Problem requirements — Repeat the full listing below verbatim and keep the images out.

Given material —
*** Block opens ***

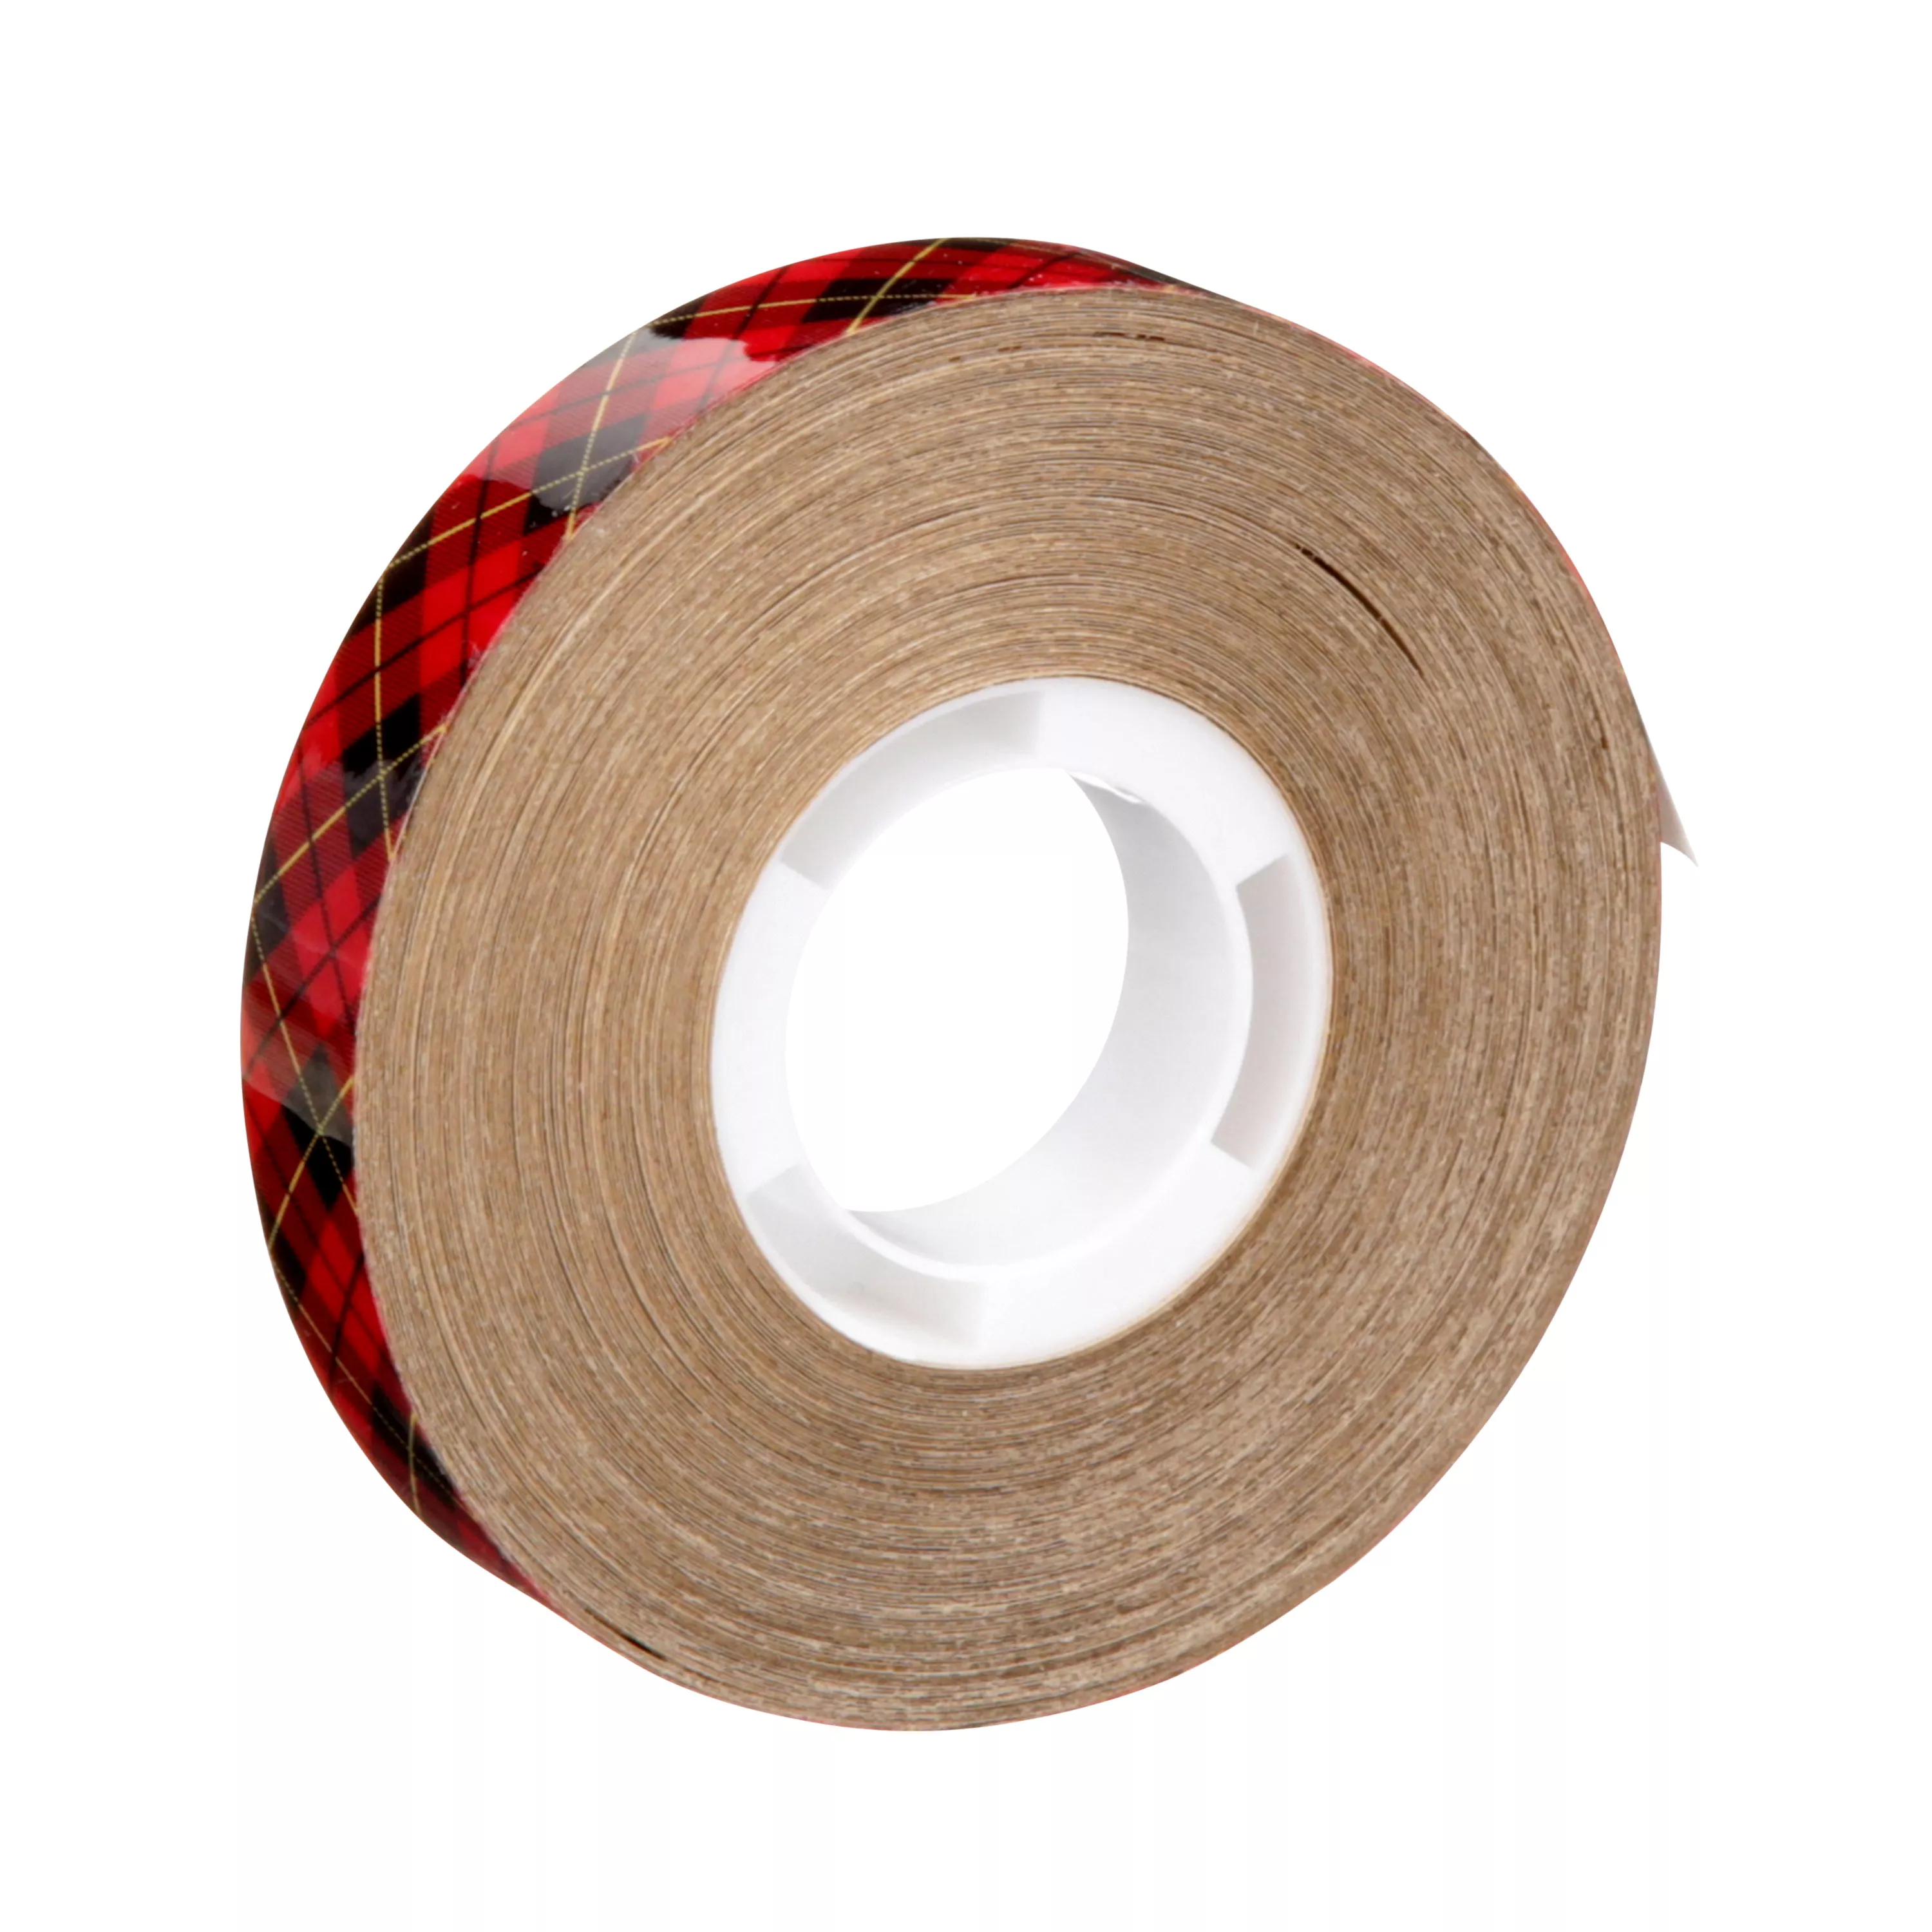 Scotch® ATG Adhesive Transfer Tape 969, Clear, 1/2 in x 18 yd, 5 mil,
(12 Roll/Carton) 72 Roll/Case
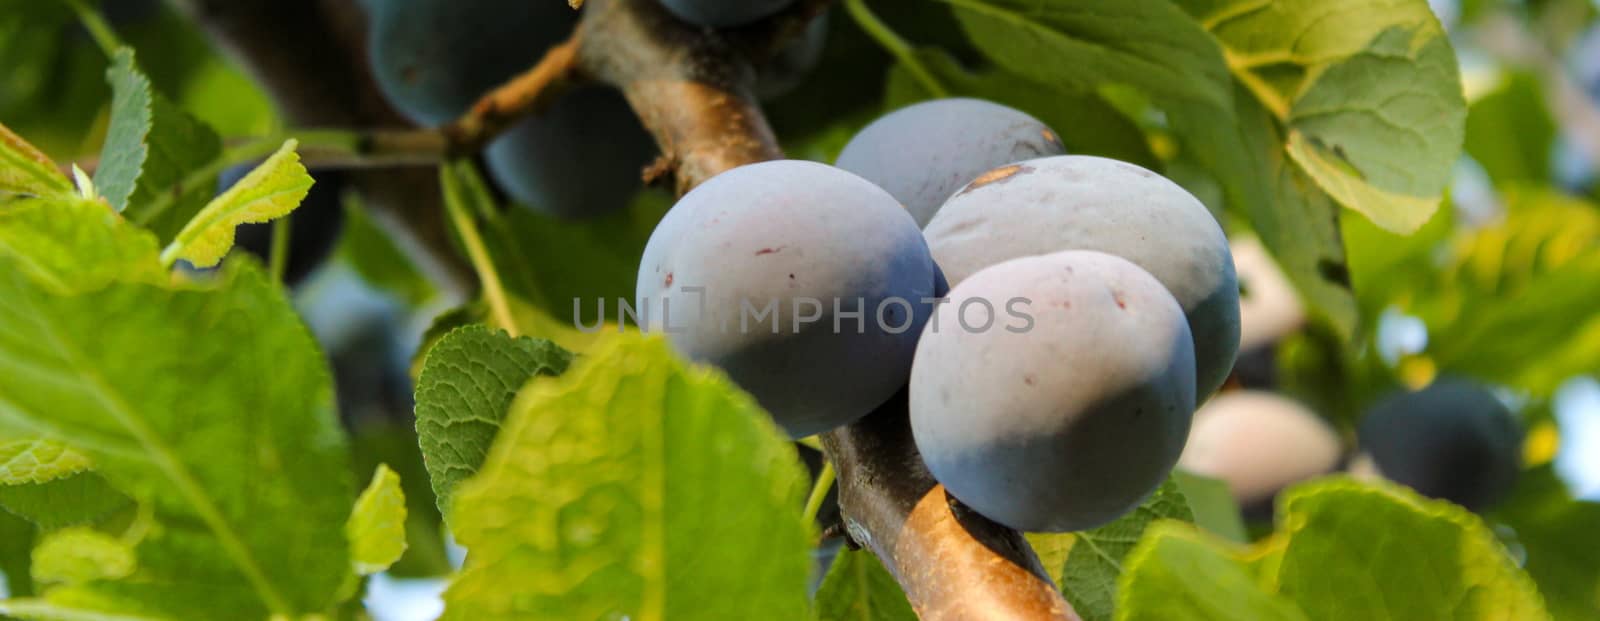 Banner. Ripe plums among the leaves on the branch. Zavidovici, Bosnia and Herzegovina.

*** Block closes ***

Response —
 Scotch® ATG Adhesive Transfer Tape 969, Clear, 1/2 in x 18 yd, 5 mil,
(12 Roll/Carton) 72 Roll/Case
 Banner. Ripe plums among the leaves on the branch. Zavidovici, Bosnia and Herzegovina.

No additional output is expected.